§ **Your objective**:
The listing below is to be duplicated exactly, with every picture omitted.

§ **Collected material**:
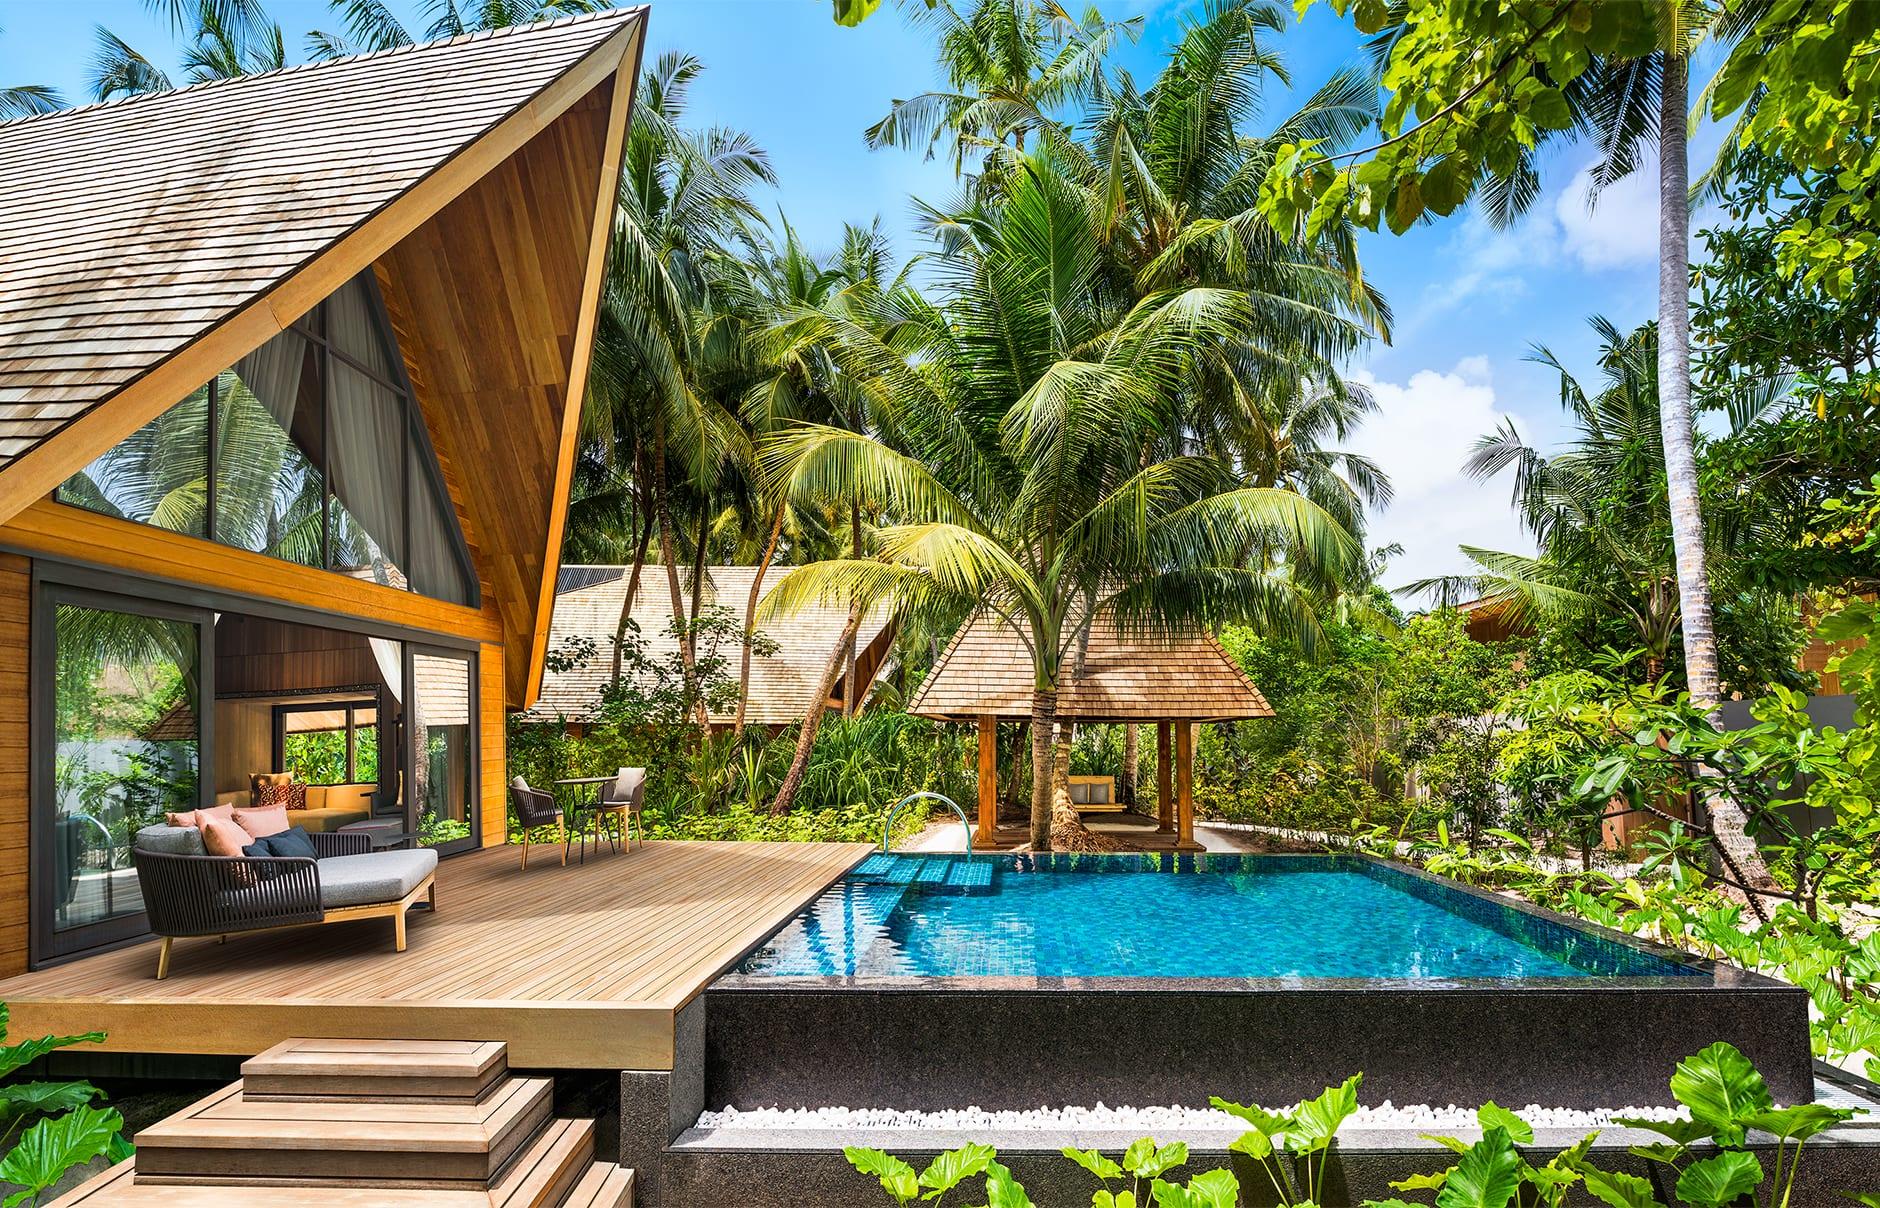 The St. Regis Maldives Vommuli Resort. © Marriott International, Inc.
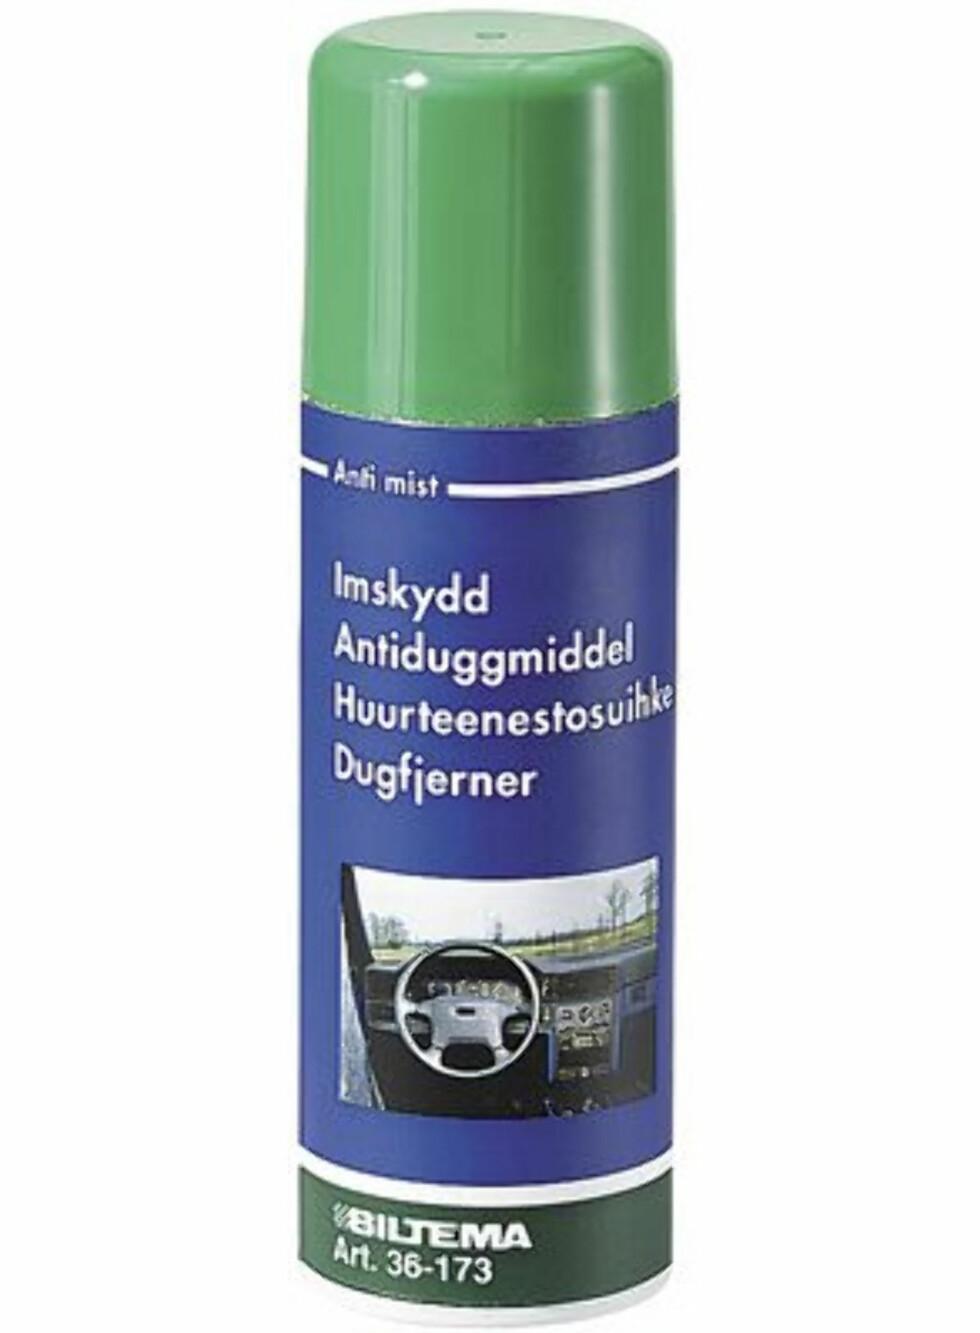 Antiduggmiddelet fra Biltema blir anbefalt på en rekke forum som en god løsning, også på badet. Pris: 49,90 kroner. Foto: Biltema.no
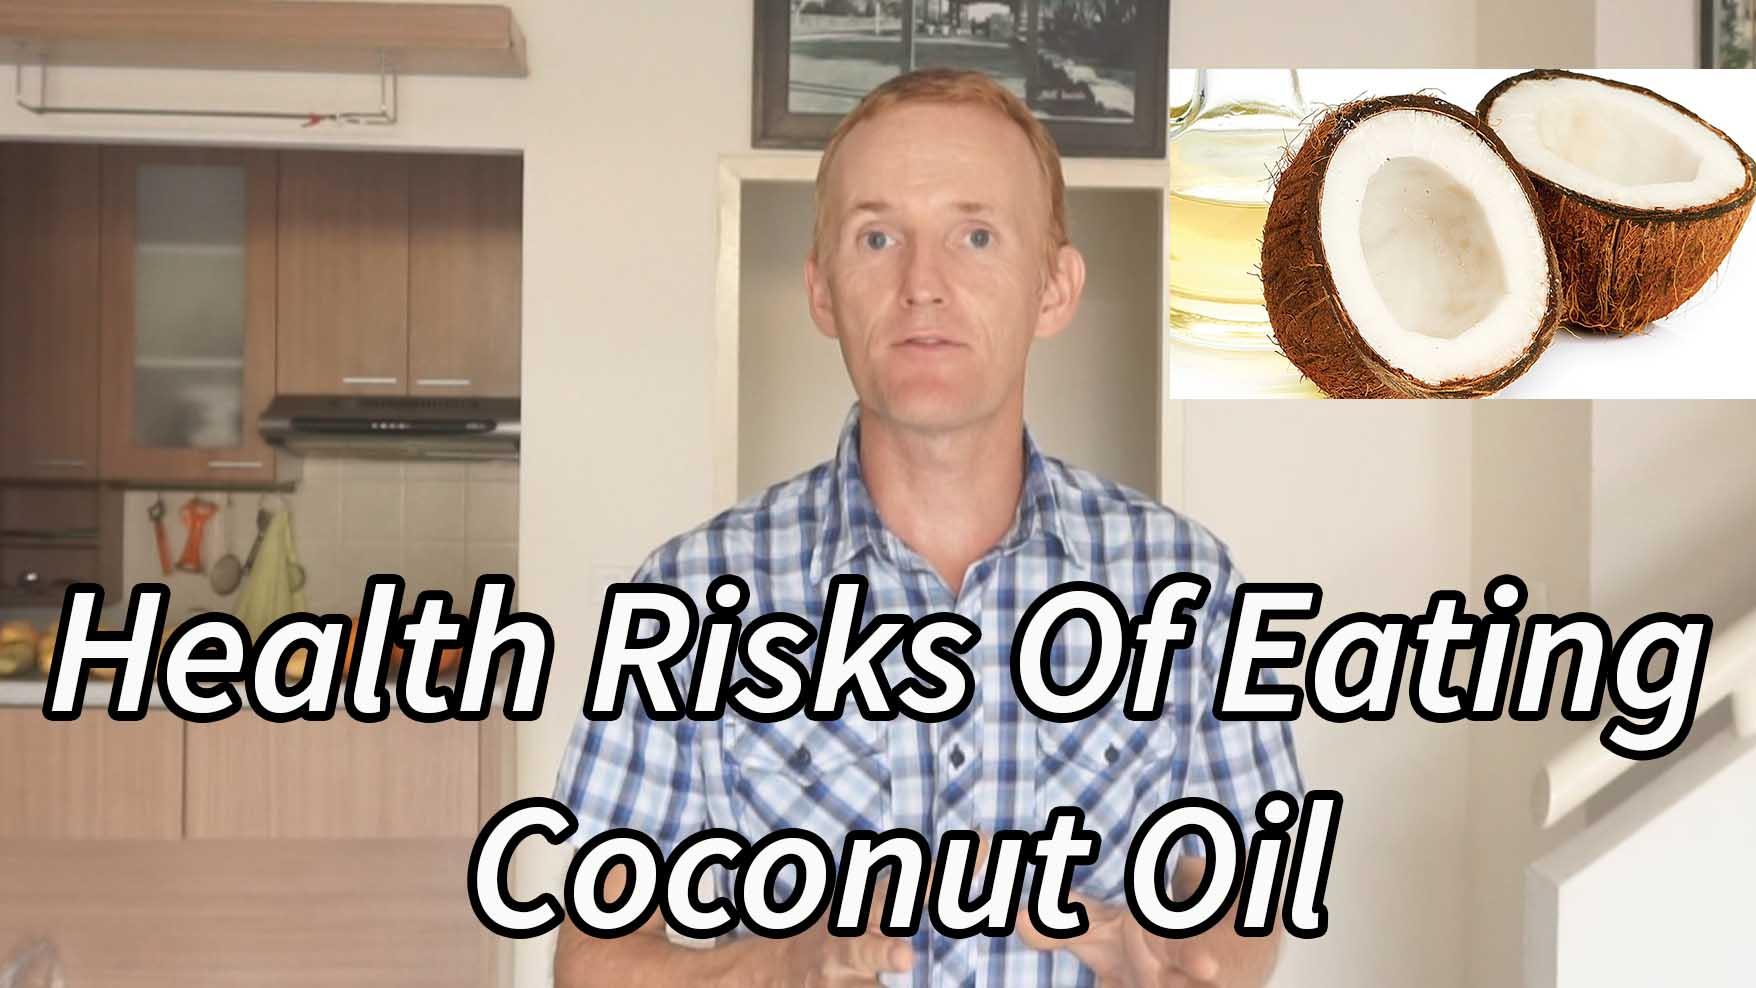 Health Risk Of Eating Coconut Oil

§ **Exercise solution**:
 The St. Regis Maldives Vommuli Resort. © Marriott International, Inc.
 Antiduggmiddelet fra Biltema blir anbefalt på en rekke forum som en god løsning, også på badet. Pris: 49,90 kroner. Foto: Biltema.no
 Health Risk Of Eating Coconut Oil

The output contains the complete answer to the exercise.